An interesting story up on Bluesnews today. It appears that there is a potential risk in all Unreal games leaving users open to Denial of Service, DDoS, and Bounce attacks online. Compounding the issue, the problem is not isolated to new releases, but to all Unreal games from the original Unreal to the recent Unreal 2.Read on for some specifics.
The report outlines the problem, which affects dozens of games from Unreal through Unreal II, and describes how the author of the report held off on publicizing this for almost three months to give time for Epic to devise a fix. I contacted Epic's Mark Rein to ask about this and he was very frank about how this had indeed been brought to their attention, but had unfortunately fallen through the cracks. He sent along a list of changes for the next planned UT2003 patch which will now address these vulnerabilities, and says it's likely that a small patch will be issued to address these in the original version of Unreal Tournament as well. As for other games using the Unreal engine, he says that fixes like this are always made available to licensees, who will then be able to issue patches of their own should they so choose.

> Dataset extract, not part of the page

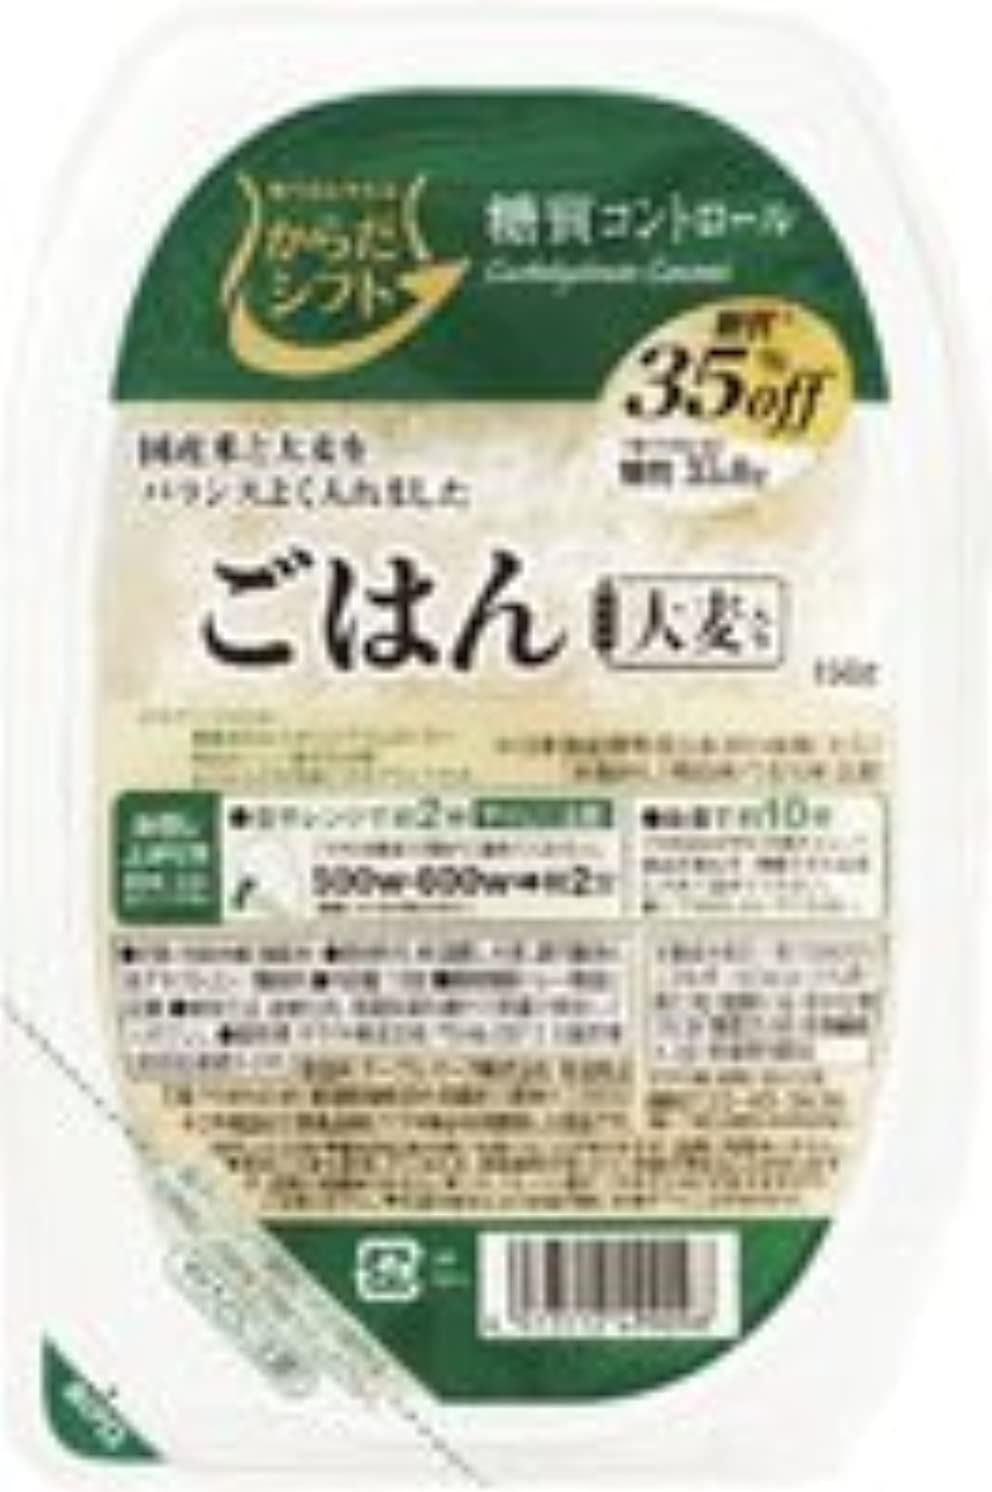 材料濃度ラックからだシフト 糖質コントロール ごはん 大麦入り 150g【6個セット】

Three months is a disturbing amount of time for this revelation to have passed without a pre-emptive fix. I'm not remotely suggesting that Epic ignored the problem, but it does raise questions as to how serious and inherant a problem this is with the engine. Mark Rein goes on to say:
I won't sugar coat this. We f*cked up on this. Yes this is real and yes this was brought to our attention and yes we should have fixed it by now. We are working on fixing this now and we will have this fixed in an upcoming patch before too long.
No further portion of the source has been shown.